Abstract
Even though carbon fiber reinforced polymers (CFRP) have outstanding mechanical benefits (low weight, high stability), the manufacturing process is fragile. Small variations in the process result in decreasing mechanical stability and additional production costs. This is especially critical for small lot sizes in which automation is not profitable. Instead, manual processes are required, which are highly prone to variances in process quality. As the quality control within the manual production is quite demanding, an assistance system is needed to guide workers and reduce the variance in product quality. Augmented Reality (AR) applications could be used to support workers during quality control. Yet, no empirical studies of the applicability of AR to support CFRP processing have been carried out. Therefore, we present an AR-based prototypic worker support system for CFRP manufacturing. Empirically, the influence of three different assistance modalities (auditory, visual, combined) and a control condition (no feedback) on quality control were investigated. In addition, the impact of workers’ individual factors on performance was studied. Overall, the combined feedback worked best. Taking user factors and performance into account will provide useful guidelines for the development of a context-adaptive support system.

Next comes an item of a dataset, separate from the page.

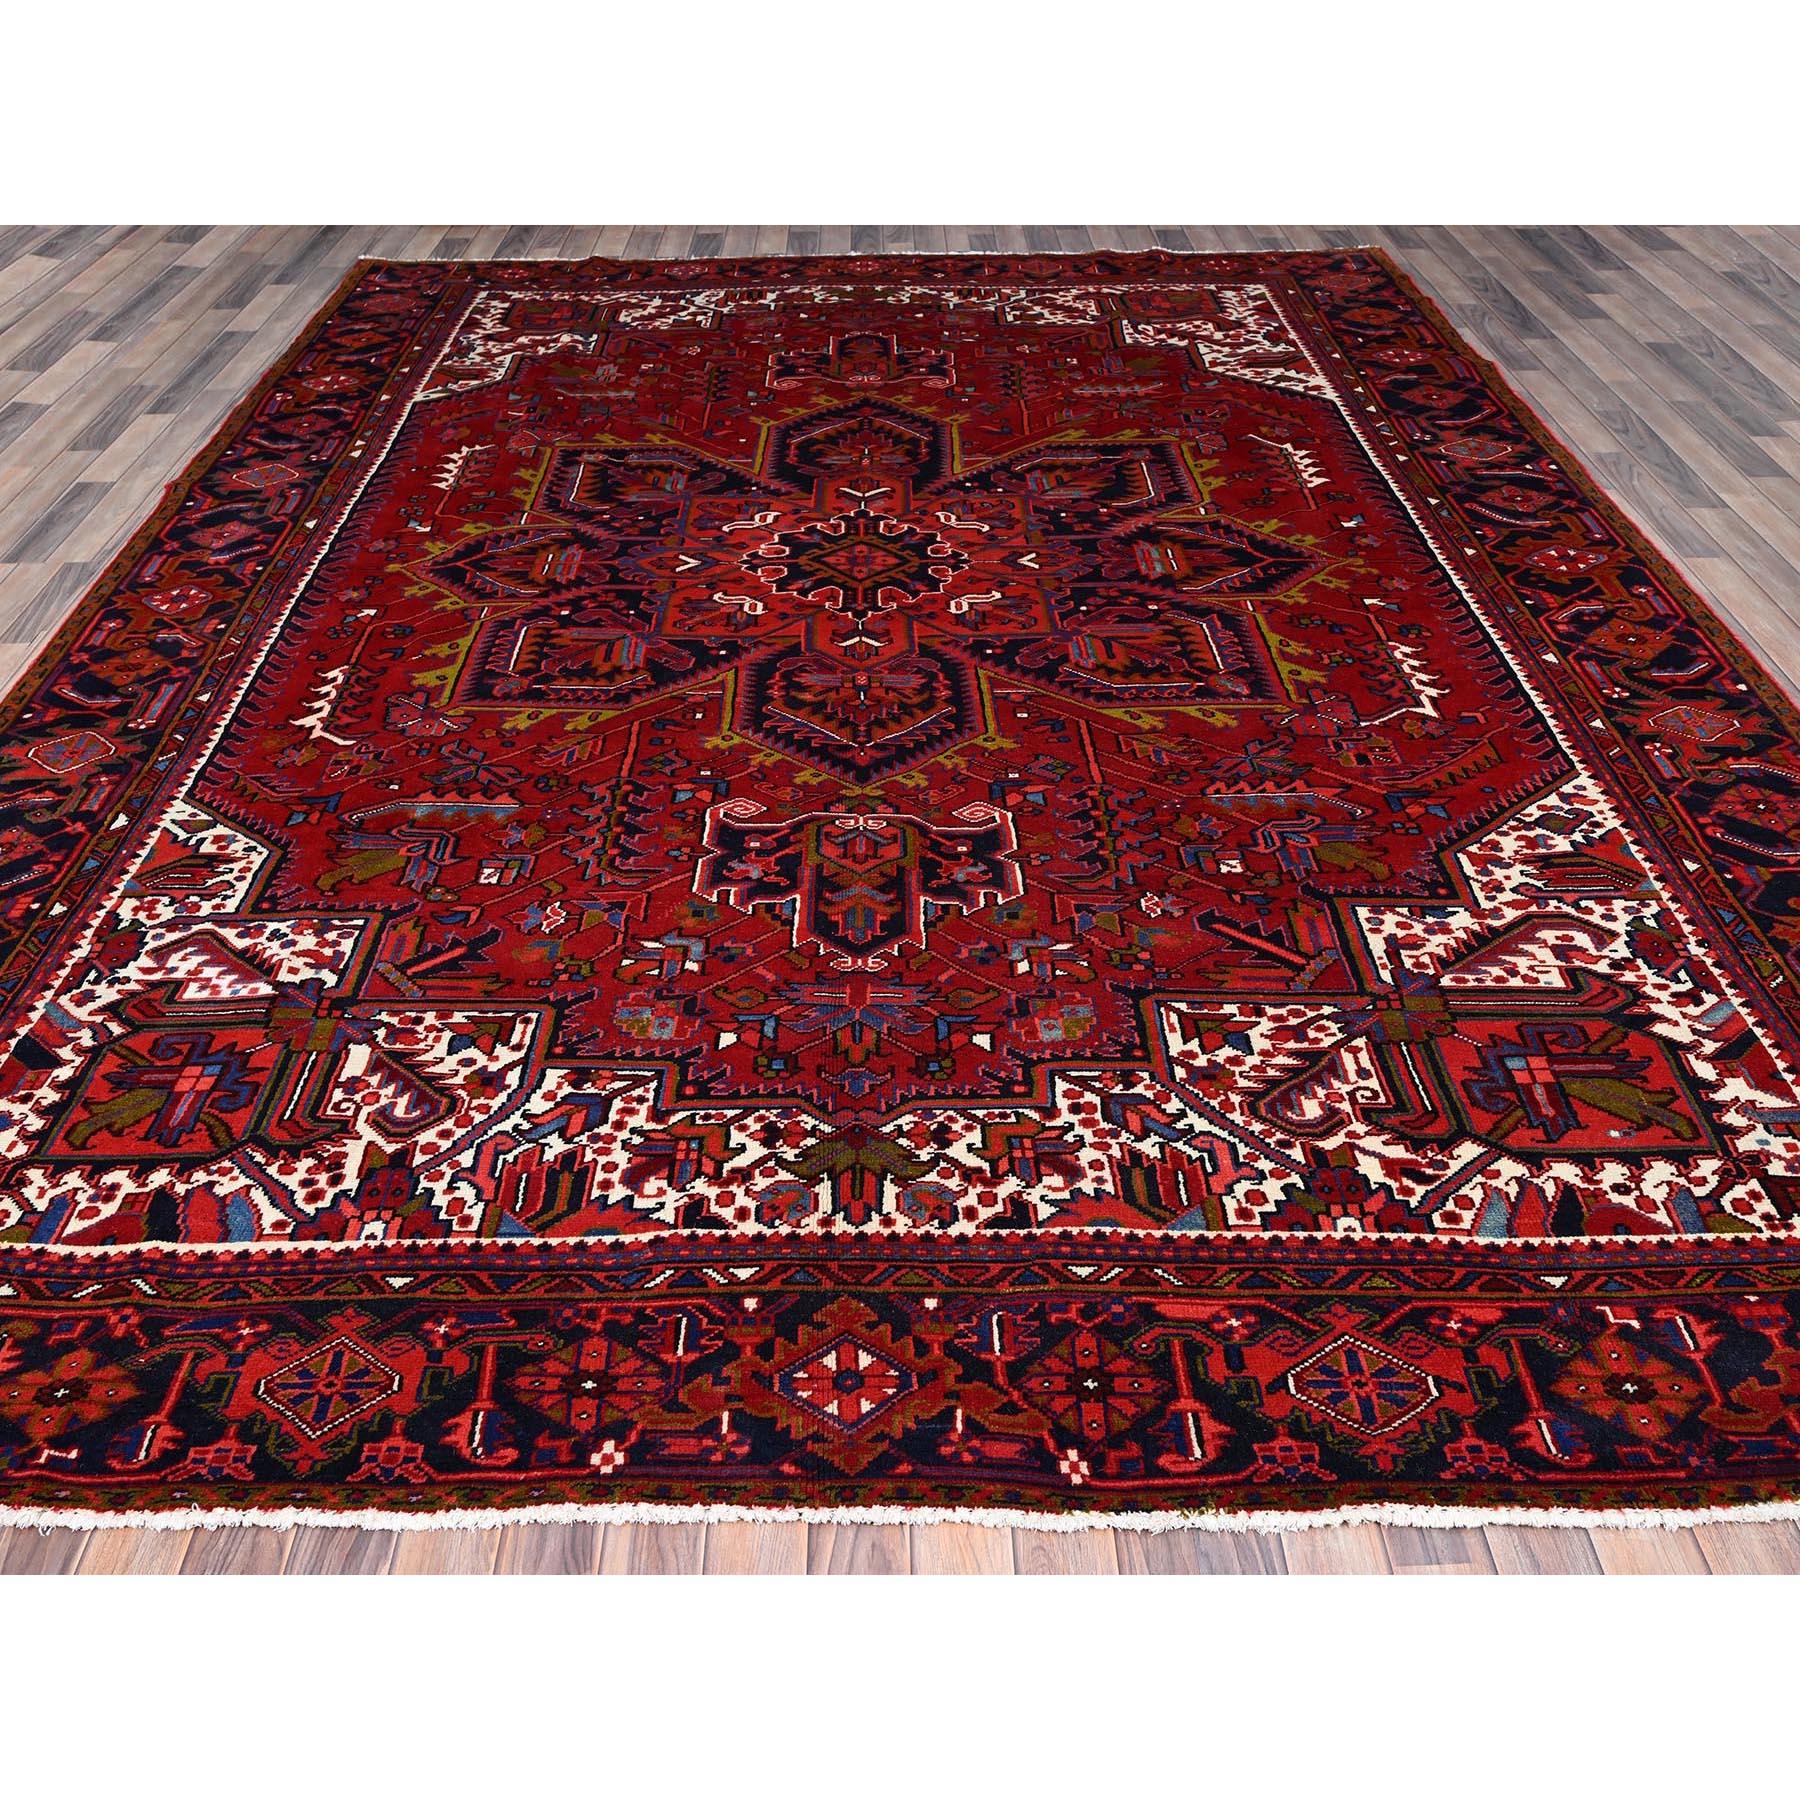 Medieval Red Hand Knotted Wool Vintage Distressed Look Persian Heriz Tribal Ambience Rug For Sale

Ziefle, M., Brauner, P., Vervier, L., Fürtjes, T., Atdorf, L., Schmitt, R., Rossmann, H.-J.: The Effectiveness of Different Types of Context-Adaptive Tutors During Quality Control in Carbon Fiber Reinforced Polymer Production. In: Dimitrov, D. and Oosthuizen, T. (eds.) Proceedings of the 6th International Conference on Competitive Manufacturing 2016 (COMA ’16). pp. 193–198. CIRP, Stellenbosch, South Africa (2016).